There are situations where long term care facilities have expressed concern about the risk of admissions from a hospital setting. In the early stages where the priority is maximising hospital capacity, steps should be taken to ensure that patients are screened clinically to ensure that people at risk are not transferred inappropriately but also that flows out from acute hospital are not hindered and where appropriate are expedited.’ (page 4)

Because individuals were not routinely tested at the point of discharge at this stage of the pandemic, despite the requests of the care home sector at the time, there was a real concern that people who entered care homes might be infectious.

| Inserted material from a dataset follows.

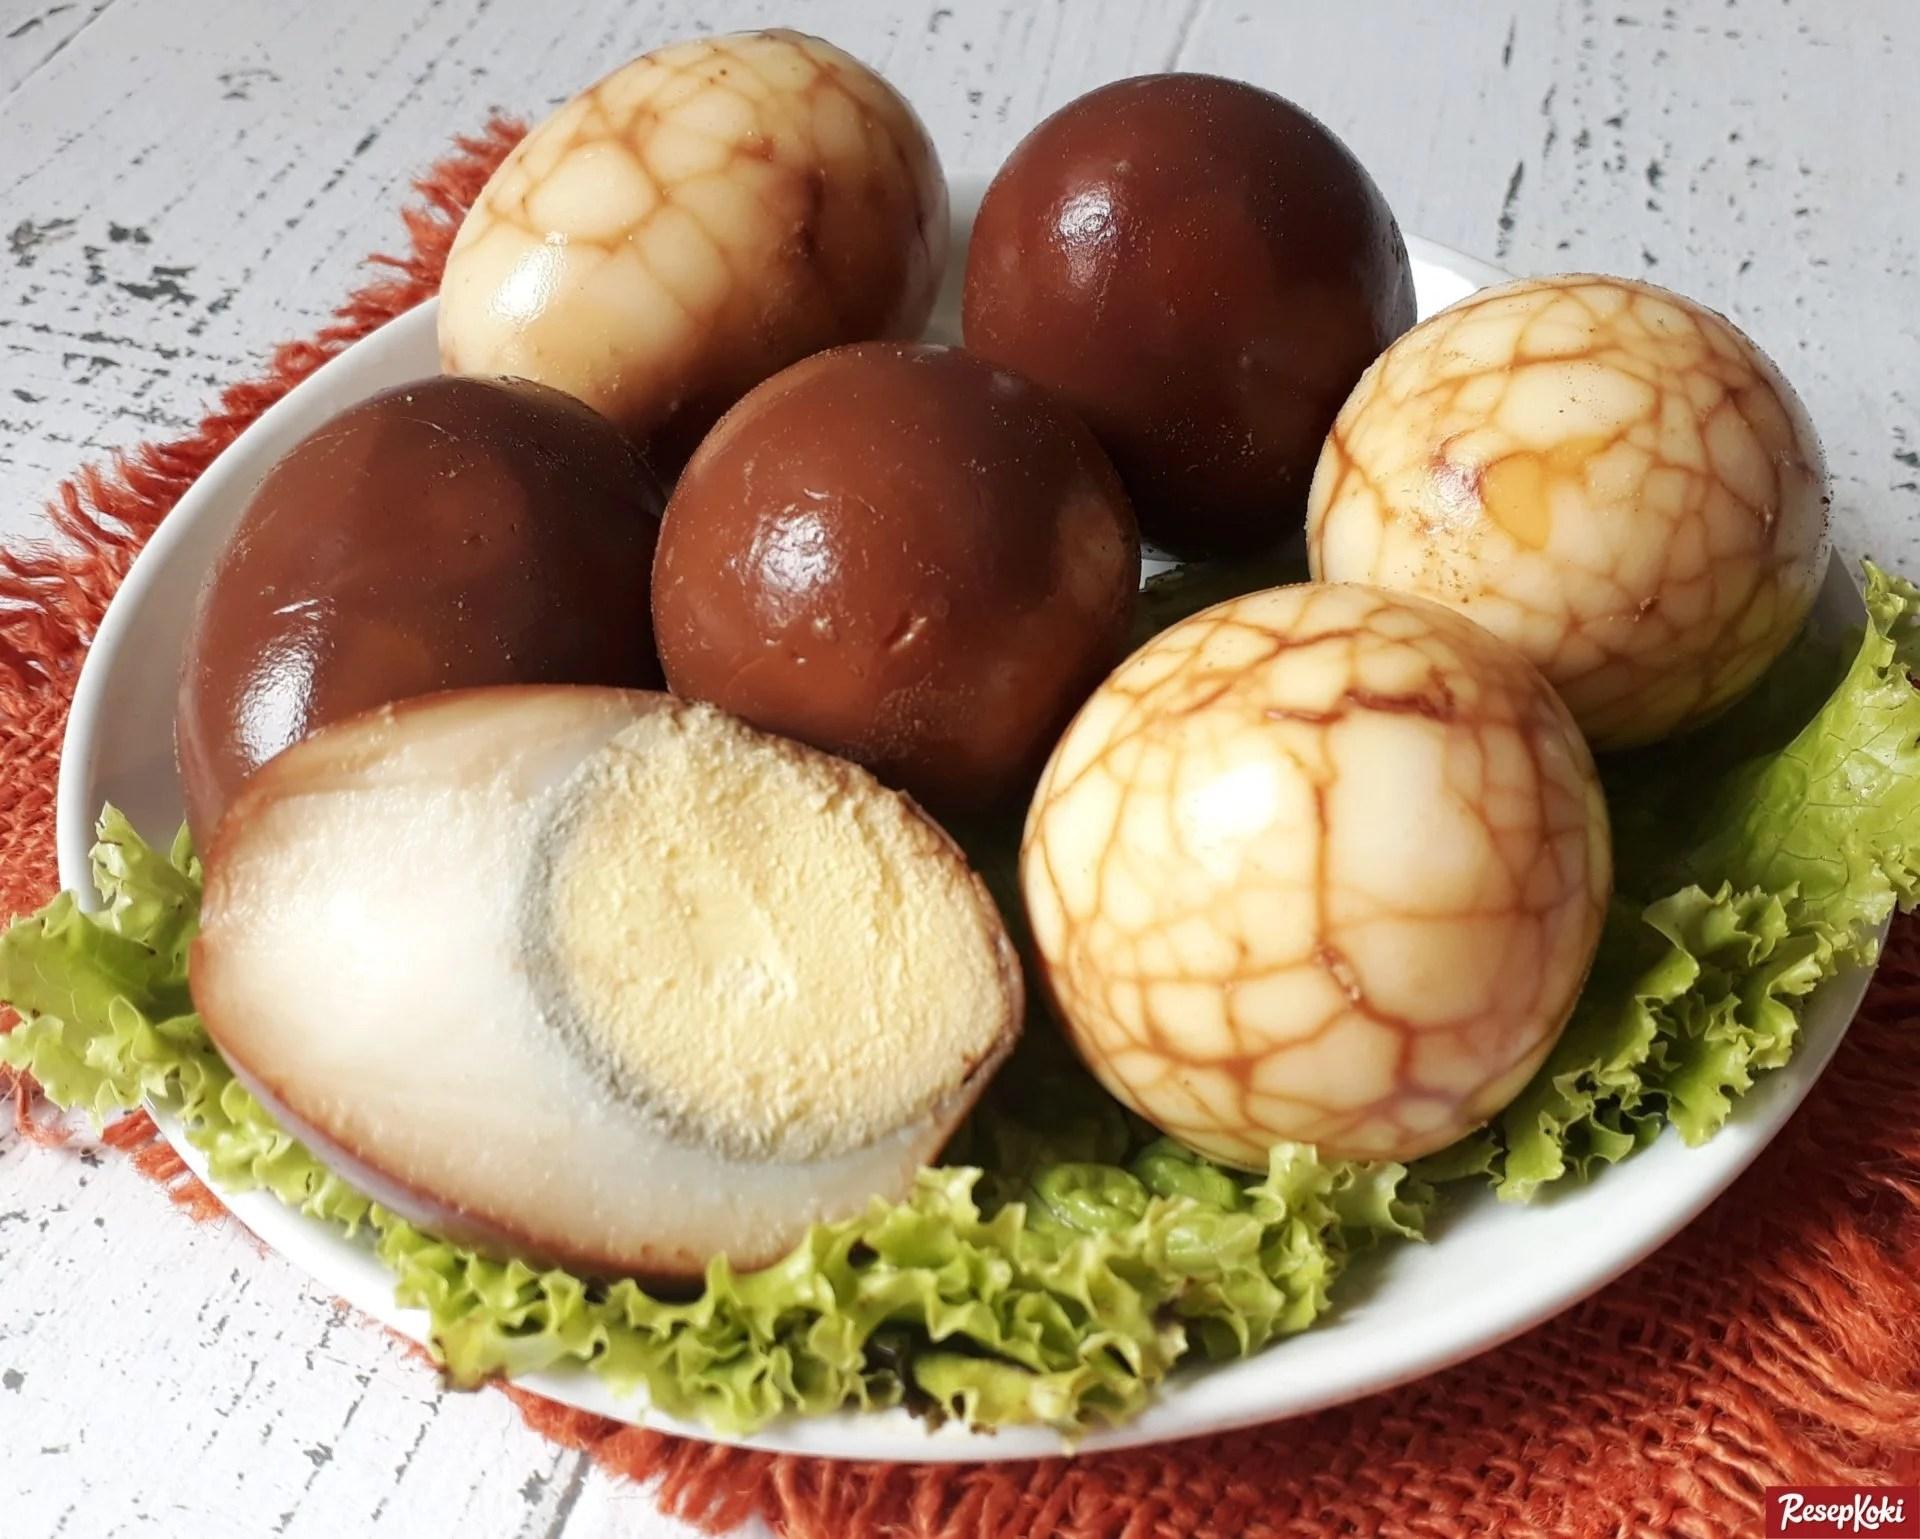 Pindang Telur Bumbu Merasuk Hingga Dalam Resep Resepkoki

Scottish Care’s CEO, Dr Donald Macaskill held a meeting on the 18th March with the Cabinet Secretary for Health and Sport and highlighted that care home providers were expressing concern over discharge and that some were refusing to admit new residents. During the meeting he stated that the previous relationships between the acute and care home sector had sometimes not been as good as it might have been. As a positive result of the meeting the Clinical guidance was revised and re-issued on the 26th March.

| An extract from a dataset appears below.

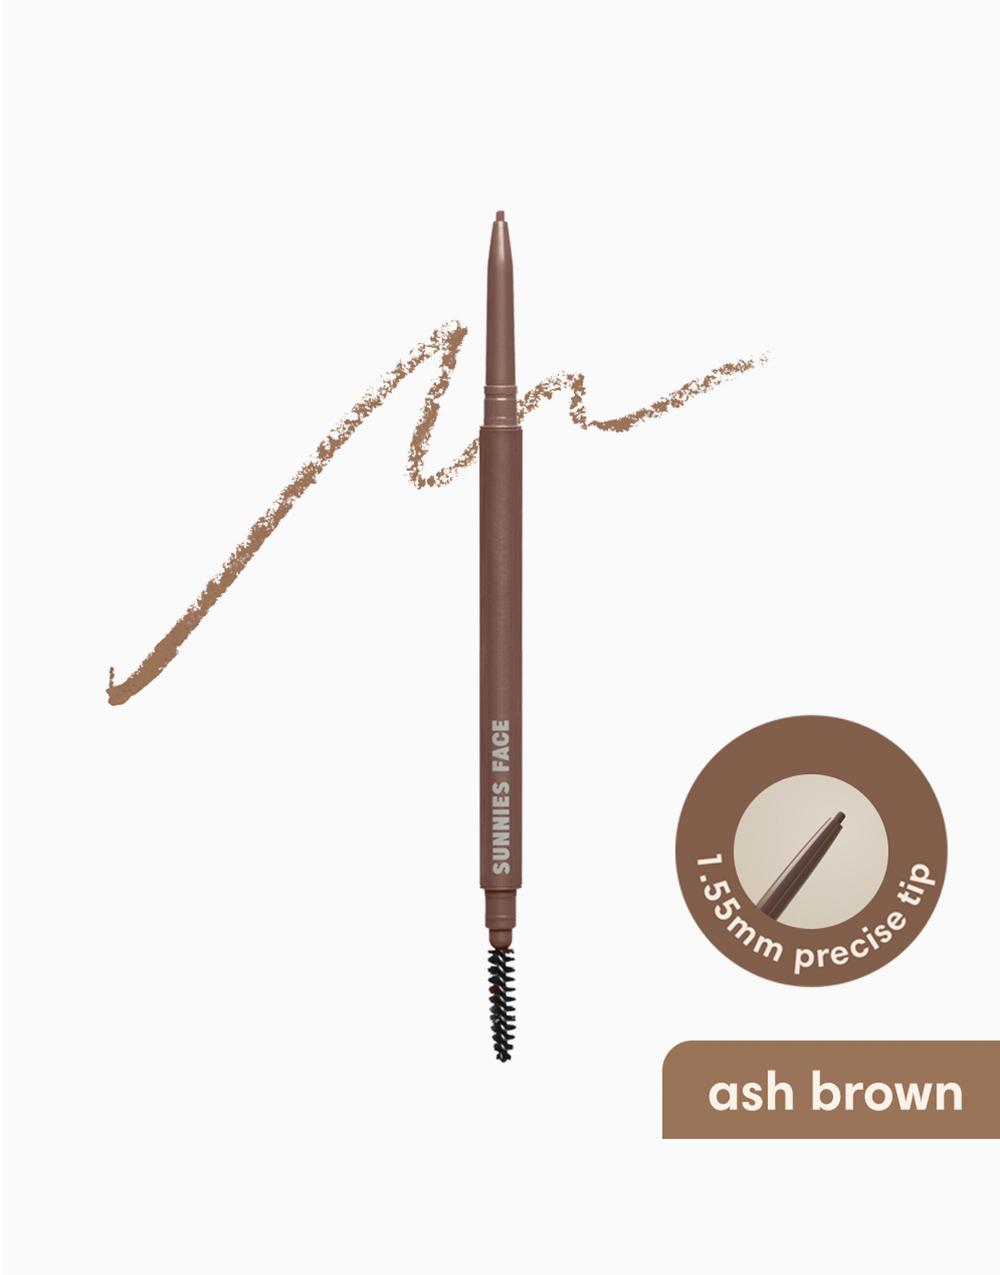 Sunnies Face Lifebrow Skinny Pencil [Defining Eyebrow Pencil] (Ash Brown) by Sunnies Face

This Guidance made the process of admission much clearer.

It states:

‘4.2 Admissions/transfer from hospital to care home facilities

HPS updated guidance states that if the individual is deemed clinically well and suitable for discharge from hospital, they can be admitted to the facility after:

  • appropriate clinical plan.
  • risk assessment of their facility environment and provision of advice about self-
  • isolation as appropriate (See NHS Inform for details). (page 4)
  • there are arrangements in place to get return them to the facility

Decisions about any follow-up will be on a case by case basis.

If a patient being discharged from hospital is known to have had contact with other COVID-19 cases and is not displaying symptoms, secondary care staff must inform the receiving facility of the exposure and the receiving facility should ensure the exposed individual is isolated for 14 days following exposure to minimise the risk of a subsequent outbreak within the receiving facility.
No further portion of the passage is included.